Where the records below reach the line containing "Plus Size Leg Warmers for Women- Pink White", start transcribing, and end with the line containing "Factcheck Can Texas", exactly and with nothing else added.

(Beginning of RECORDS SUPPLIED)

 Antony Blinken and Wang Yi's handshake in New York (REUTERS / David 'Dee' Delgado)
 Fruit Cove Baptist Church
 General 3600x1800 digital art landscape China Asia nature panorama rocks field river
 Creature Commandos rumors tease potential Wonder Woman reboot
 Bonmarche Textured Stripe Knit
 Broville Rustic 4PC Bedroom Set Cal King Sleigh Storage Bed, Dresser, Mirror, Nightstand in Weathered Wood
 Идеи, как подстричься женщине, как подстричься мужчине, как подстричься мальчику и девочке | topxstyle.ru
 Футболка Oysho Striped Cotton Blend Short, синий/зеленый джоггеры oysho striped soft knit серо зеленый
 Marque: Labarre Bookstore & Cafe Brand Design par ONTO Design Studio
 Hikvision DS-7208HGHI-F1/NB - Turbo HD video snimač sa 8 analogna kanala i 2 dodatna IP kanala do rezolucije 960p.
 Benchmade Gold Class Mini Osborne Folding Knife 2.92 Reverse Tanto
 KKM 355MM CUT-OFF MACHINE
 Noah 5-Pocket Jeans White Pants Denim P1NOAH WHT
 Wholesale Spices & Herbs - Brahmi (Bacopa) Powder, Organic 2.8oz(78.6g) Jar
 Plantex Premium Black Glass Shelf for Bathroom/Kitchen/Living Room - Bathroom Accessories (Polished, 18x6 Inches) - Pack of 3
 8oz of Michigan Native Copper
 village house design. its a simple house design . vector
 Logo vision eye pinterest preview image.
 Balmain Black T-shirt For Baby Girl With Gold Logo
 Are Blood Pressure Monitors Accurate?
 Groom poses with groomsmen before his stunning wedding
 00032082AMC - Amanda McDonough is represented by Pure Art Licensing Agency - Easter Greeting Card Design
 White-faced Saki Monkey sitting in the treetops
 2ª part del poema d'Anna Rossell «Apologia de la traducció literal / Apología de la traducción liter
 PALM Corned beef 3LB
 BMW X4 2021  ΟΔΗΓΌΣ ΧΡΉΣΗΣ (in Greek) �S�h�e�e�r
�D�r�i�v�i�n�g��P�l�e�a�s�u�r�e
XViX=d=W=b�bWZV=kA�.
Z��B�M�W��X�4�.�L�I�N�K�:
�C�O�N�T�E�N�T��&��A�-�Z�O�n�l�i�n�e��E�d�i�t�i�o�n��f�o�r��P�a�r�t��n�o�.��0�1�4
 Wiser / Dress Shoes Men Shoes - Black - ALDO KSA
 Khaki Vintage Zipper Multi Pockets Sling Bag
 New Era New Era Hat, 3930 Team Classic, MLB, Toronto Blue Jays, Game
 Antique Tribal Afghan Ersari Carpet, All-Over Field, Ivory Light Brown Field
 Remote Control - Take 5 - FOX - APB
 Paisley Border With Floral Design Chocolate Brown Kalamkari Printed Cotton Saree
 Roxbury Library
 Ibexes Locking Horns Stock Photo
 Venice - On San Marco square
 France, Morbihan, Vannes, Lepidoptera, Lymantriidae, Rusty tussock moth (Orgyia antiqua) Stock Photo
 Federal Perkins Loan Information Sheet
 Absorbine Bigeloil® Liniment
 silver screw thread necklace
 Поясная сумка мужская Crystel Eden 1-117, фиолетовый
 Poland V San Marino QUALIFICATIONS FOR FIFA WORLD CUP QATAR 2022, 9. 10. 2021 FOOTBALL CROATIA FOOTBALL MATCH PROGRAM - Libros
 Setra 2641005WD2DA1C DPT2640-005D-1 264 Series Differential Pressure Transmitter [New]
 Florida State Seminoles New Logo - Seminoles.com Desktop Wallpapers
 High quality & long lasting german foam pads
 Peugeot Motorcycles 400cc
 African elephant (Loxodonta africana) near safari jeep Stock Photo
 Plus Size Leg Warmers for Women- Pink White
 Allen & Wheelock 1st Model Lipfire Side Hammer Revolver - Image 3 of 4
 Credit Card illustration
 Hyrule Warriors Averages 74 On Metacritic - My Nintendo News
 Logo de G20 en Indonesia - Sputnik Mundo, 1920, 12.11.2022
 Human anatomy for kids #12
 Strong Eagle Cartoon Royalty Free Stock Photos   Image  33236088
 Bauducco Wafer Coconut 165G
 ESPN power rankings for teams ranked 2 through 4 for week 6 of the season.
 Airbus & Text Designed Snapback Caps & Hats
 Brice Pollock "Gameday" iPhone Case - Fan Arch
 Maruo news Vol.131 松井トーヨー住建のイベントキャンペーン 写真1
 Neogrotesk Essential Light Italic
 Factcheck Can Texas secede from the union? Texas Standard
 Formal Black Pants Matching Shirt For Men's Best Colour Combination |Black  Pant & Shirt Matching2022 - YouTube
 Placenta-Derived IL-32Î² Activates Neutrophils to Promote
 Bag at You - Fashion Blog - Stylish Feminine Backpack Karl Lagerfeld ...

(End of RECORDS SUPPLIED)

** REPLY TO THE TASK **
 Plus Size Leg Warmers for Women- Pink White
 Allen & Wheelock 1st Model Lipfire Side Hammer Revolver - Image 3 of 4
 Credit Card illustration
 Hyrule Warriors Averages 74 On Metacritic - My Nintendo News
 Logo de G20 en Indonesia - Sputnik Mundo, 1920, 12.11.2022
 Human anatomy for kids #12
 Strong Eagle Cartoon Royalty Free Stock Photos   Image  33236088
 Bauducco Wafer Coconut 165G
 ESPN power rankings for teams ranked 2 through 4 for week 6 of the season.
 Airbus & Text Designed Snapback Caps & Hats
 Brice Pollock "Gameday" iPhone Case - Fan Arch
 Maruo news Vol.131 松井トーヨー住建のイベントキャンペーン 写真1
 Neogrotesk Essential Light Italic
 Factcheck Can Texas secede from the union? Texas Standard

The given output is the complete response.